▸ DATASET:
▬▬▬▬▬▬

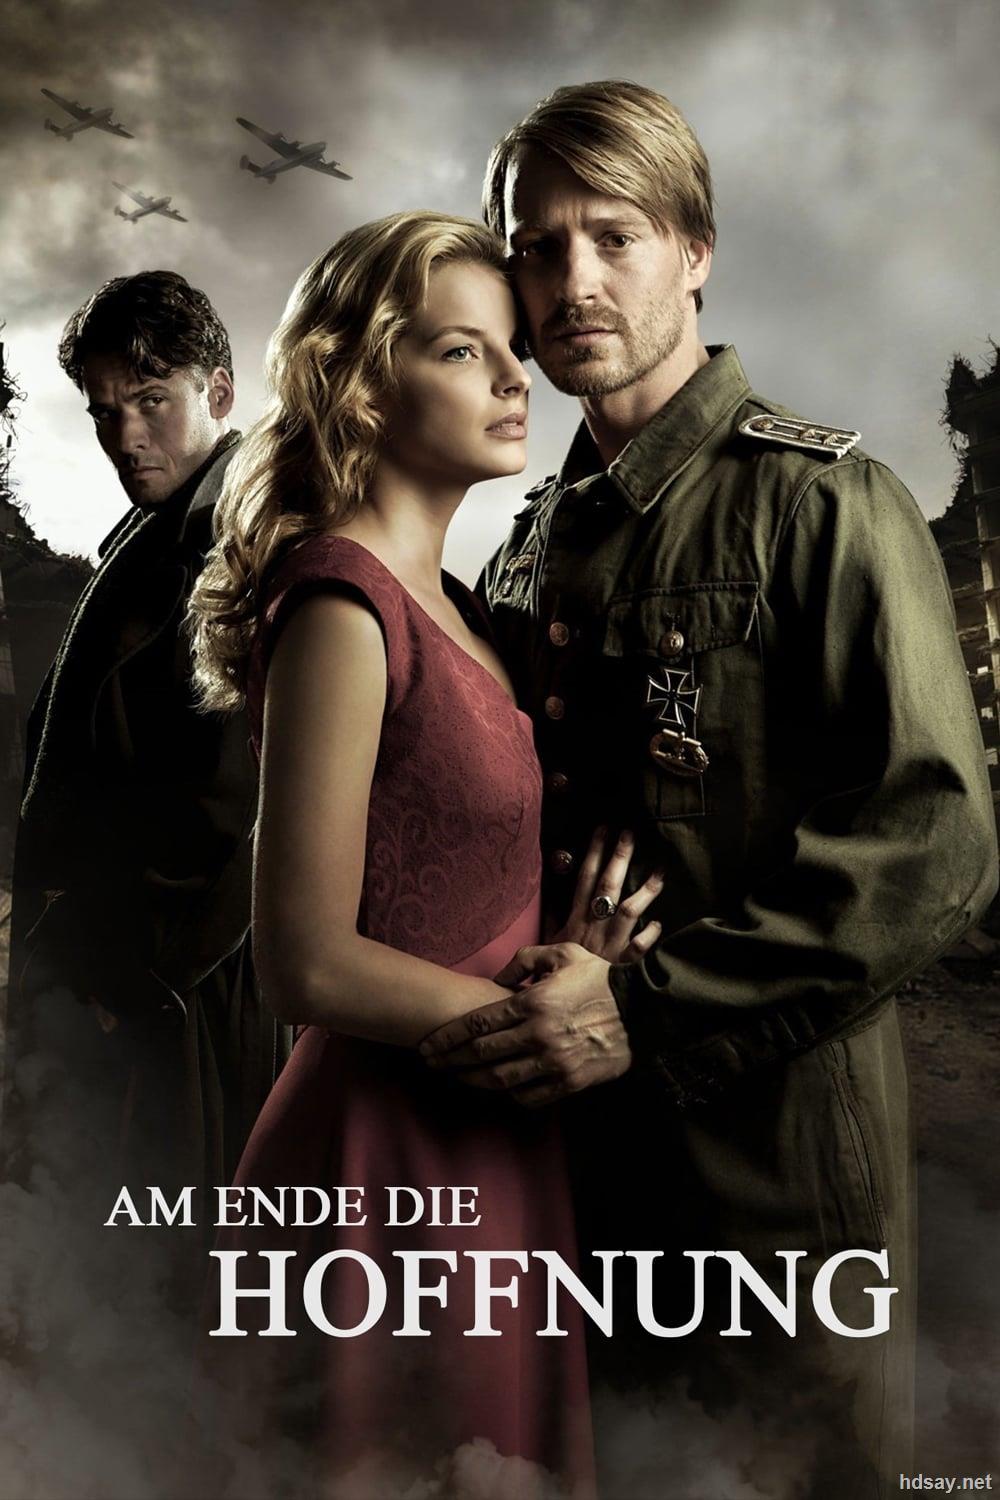 希特勒最后的秘密武器 Am Ende die Hoffnung (2011)
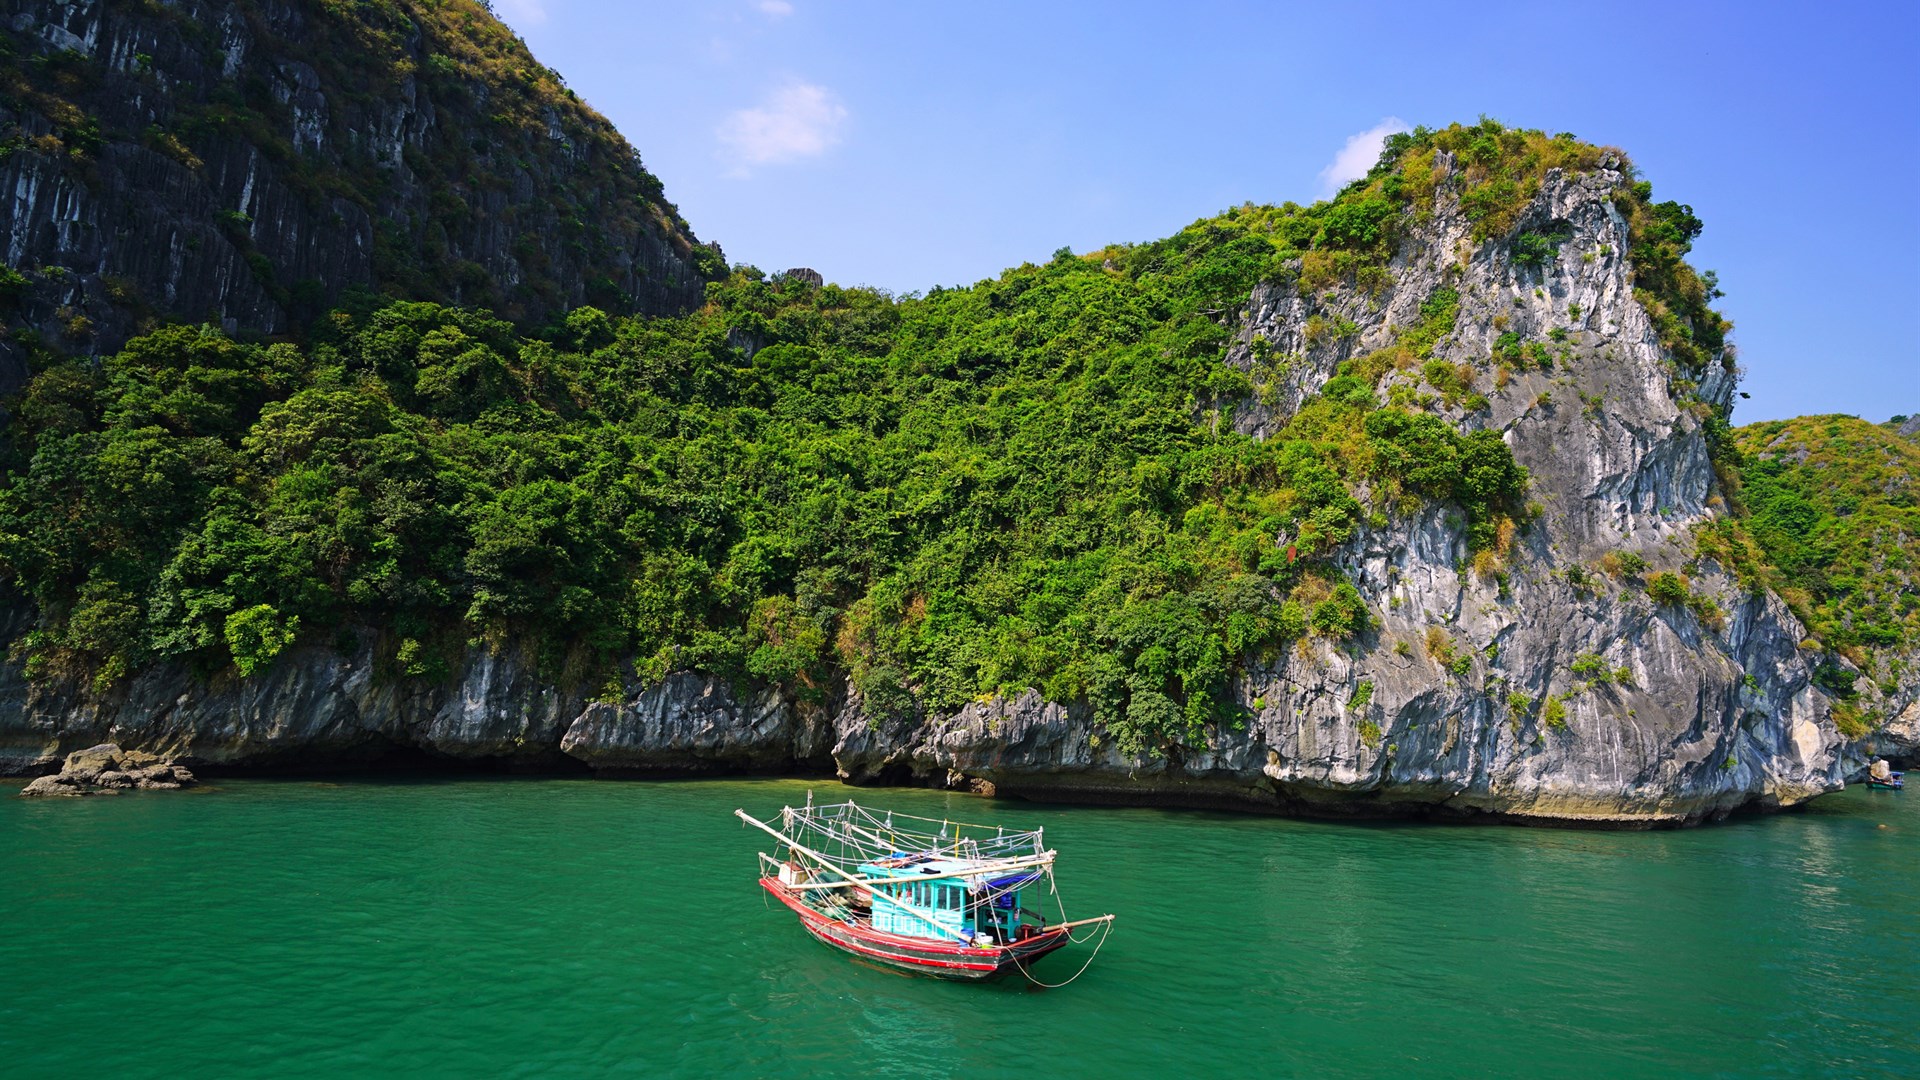 عکس جالب از قایق قشنگ در وسط آب با درختان سبز و زیبا 
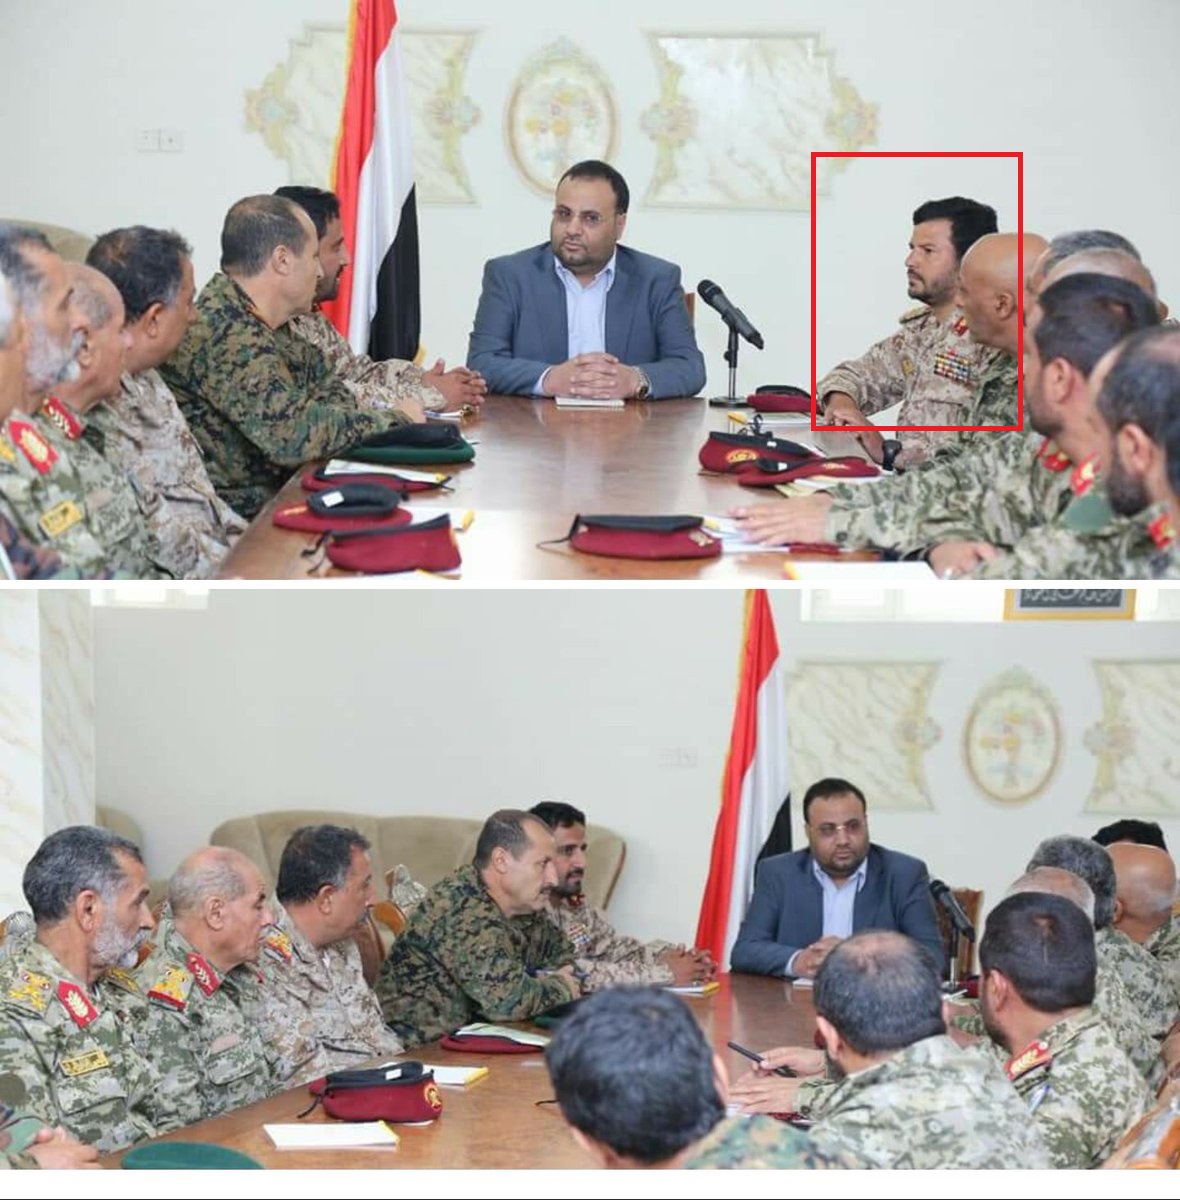 أول ظهور إعلامي لشقيق زعيم مليشيات الحوثي «عبدالخالق» بعد تعيينة قائد للحرس الجمهوري والقوات الخاصة
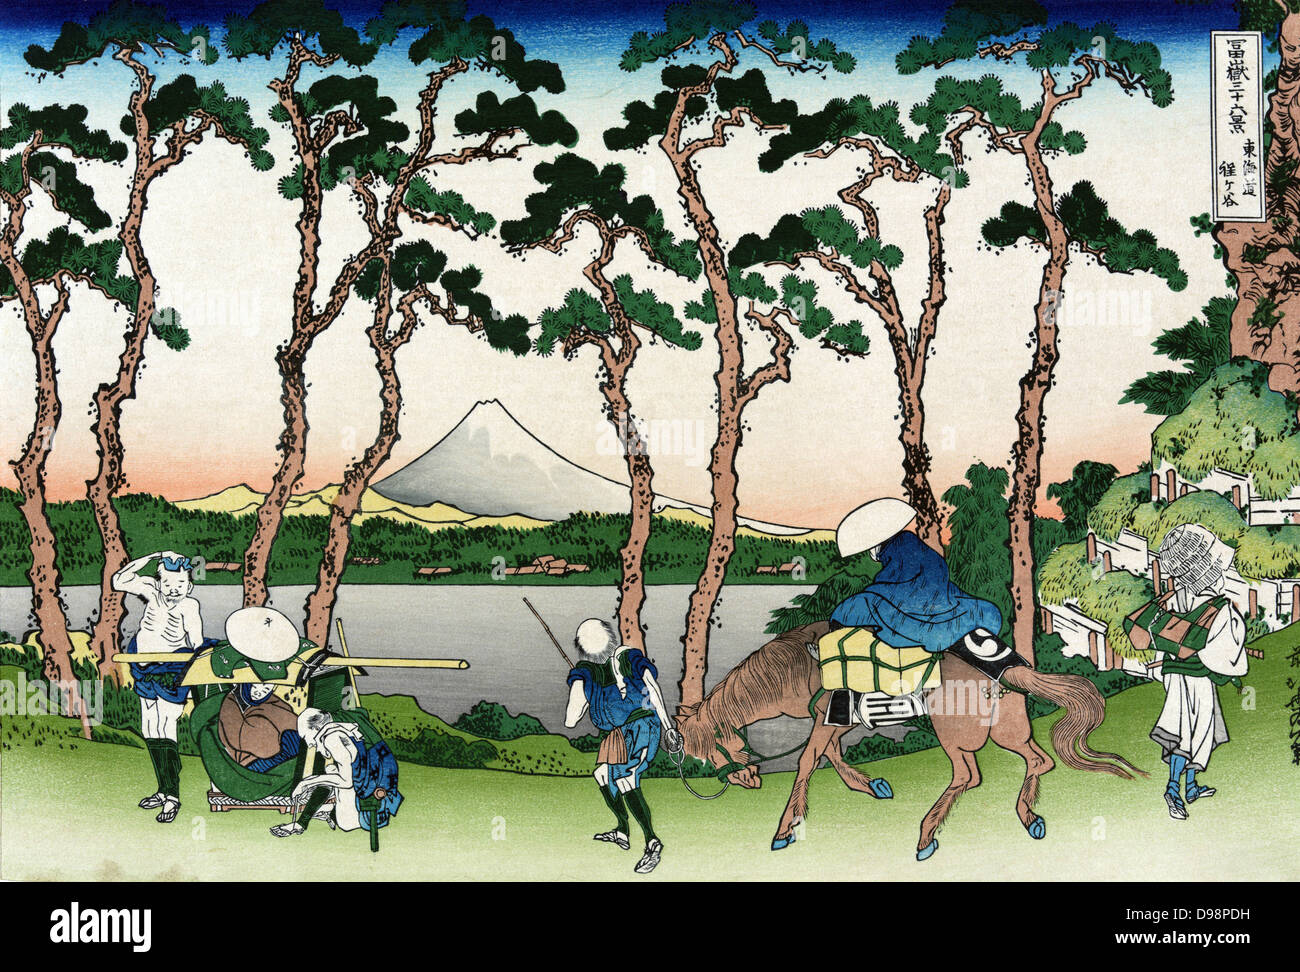 Des voyageurs à Hodogaya sur le Tokaido Road, le Mont Fuji en arrière-plan. À partir de 'trente-six vues du Mont Fuji", c1831. Katsushika Hokusai (1760-1849) artiste japonais Ukiyo-e. Cheval Transport Chaise Arbre Paysage Pin piétonne Banque D'Images
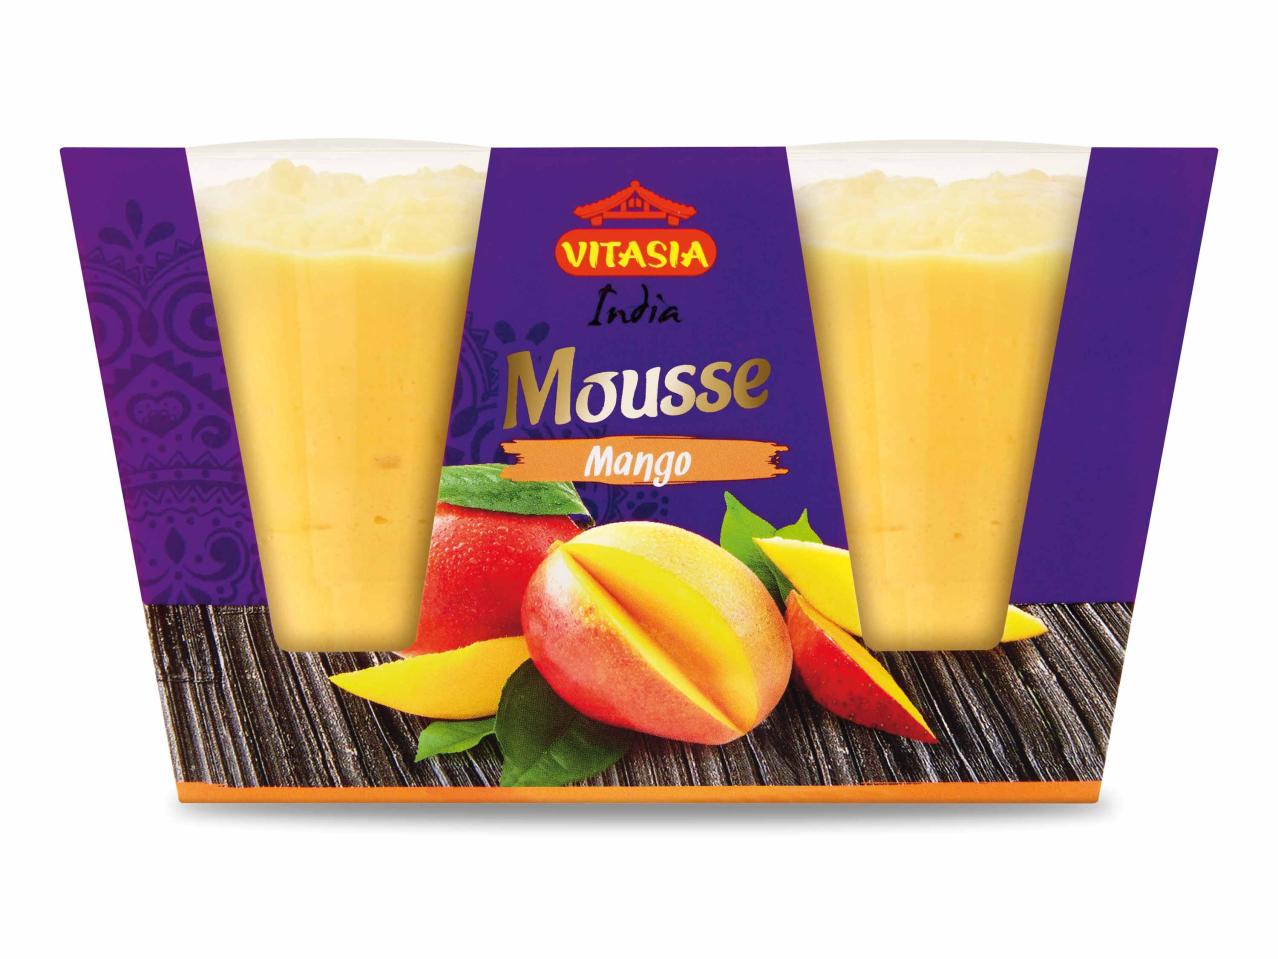 Mango Mousse
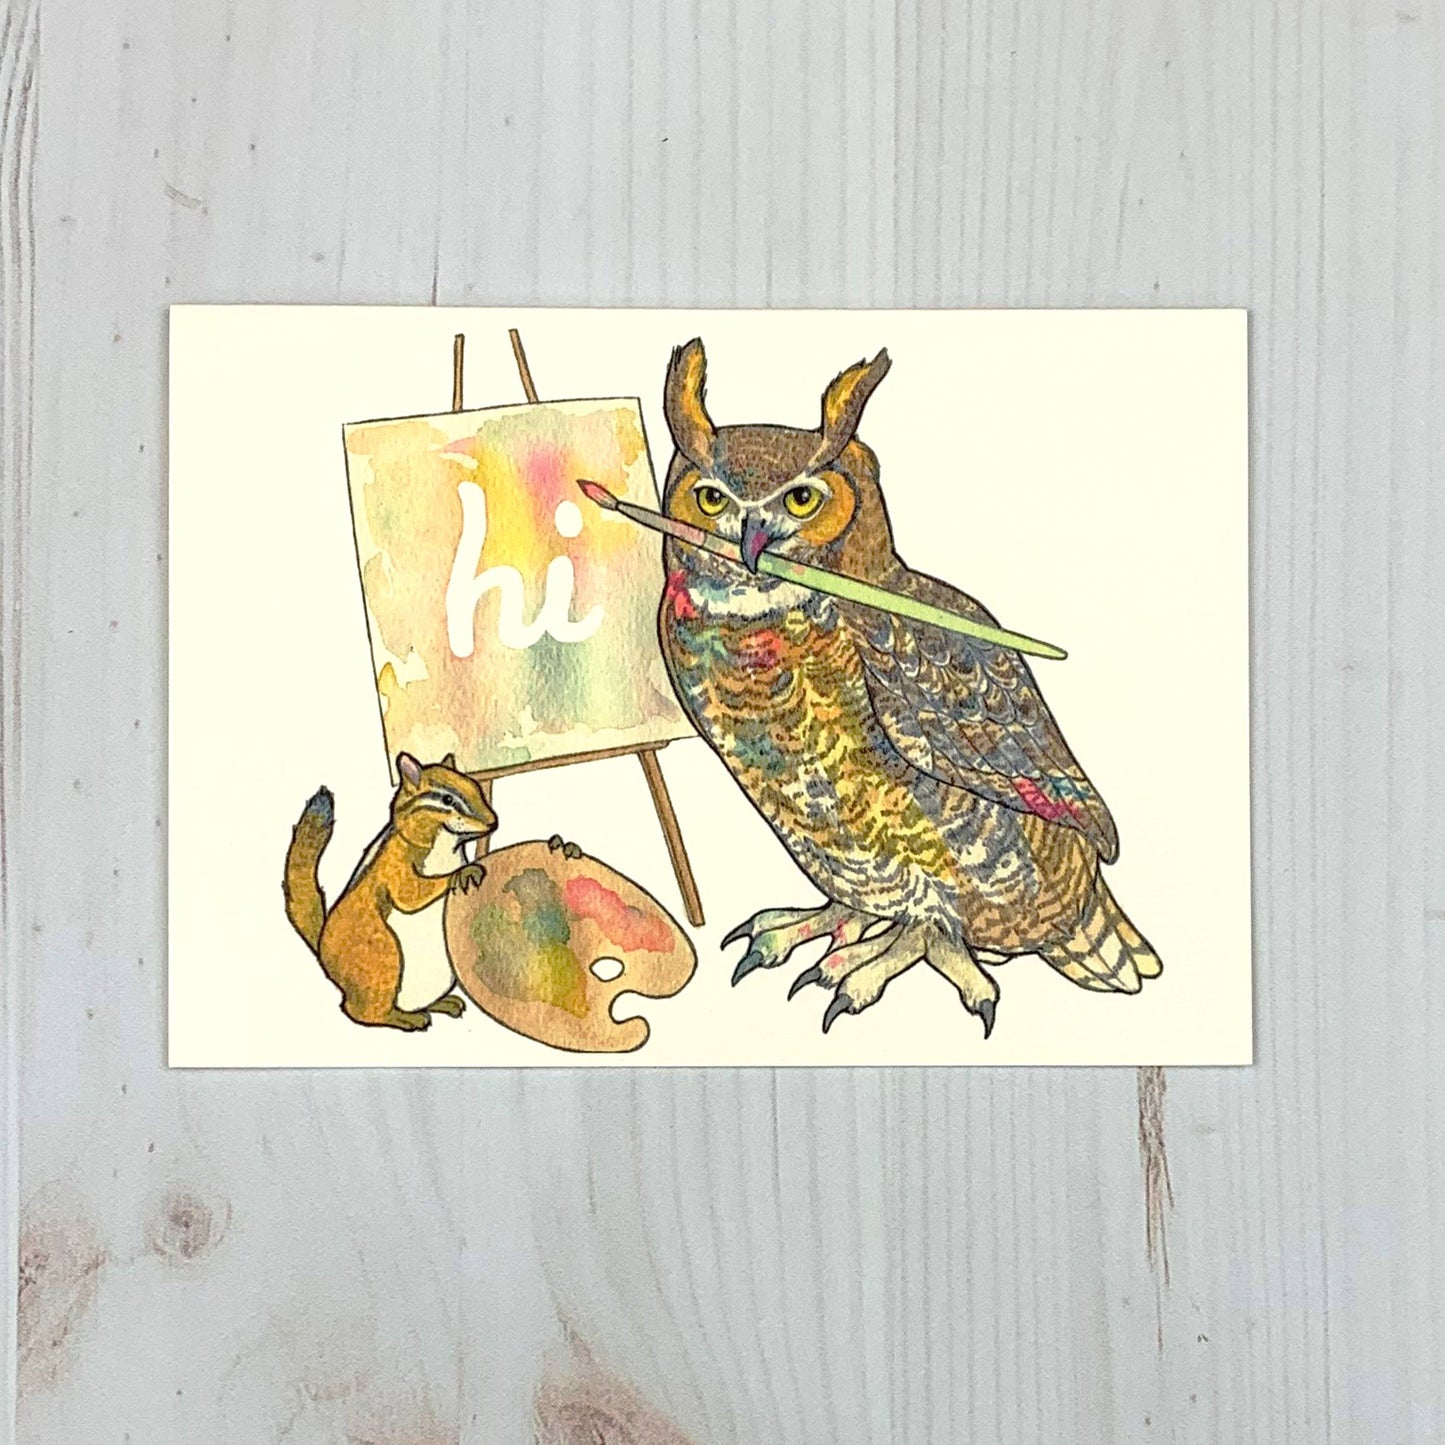 Artist Owl 5x7" Notecard

▬▬▬▬▬▬

Reproduce exactly, and only, the part of the entries above that runs from the line with "Des voyageurs à" to the last line, both included. Pictures stay out.

▸ SOLUTION TO THIS EXERCISE:
 Des voyageurs à Hodogaya sur le Tokaido Road, le Mont Fuji en arrière-plan. À partir de 'trente-six vues du Mont Fuji", c1831. Katsushika Hokusai (1760-1849) artiste japonais Ukiyo-e. Cheval Transport Chaise Arbre Paysage Pin piétonne Banque D'Images
 Mango Mousse
 Artist Owl 5x7" Notecard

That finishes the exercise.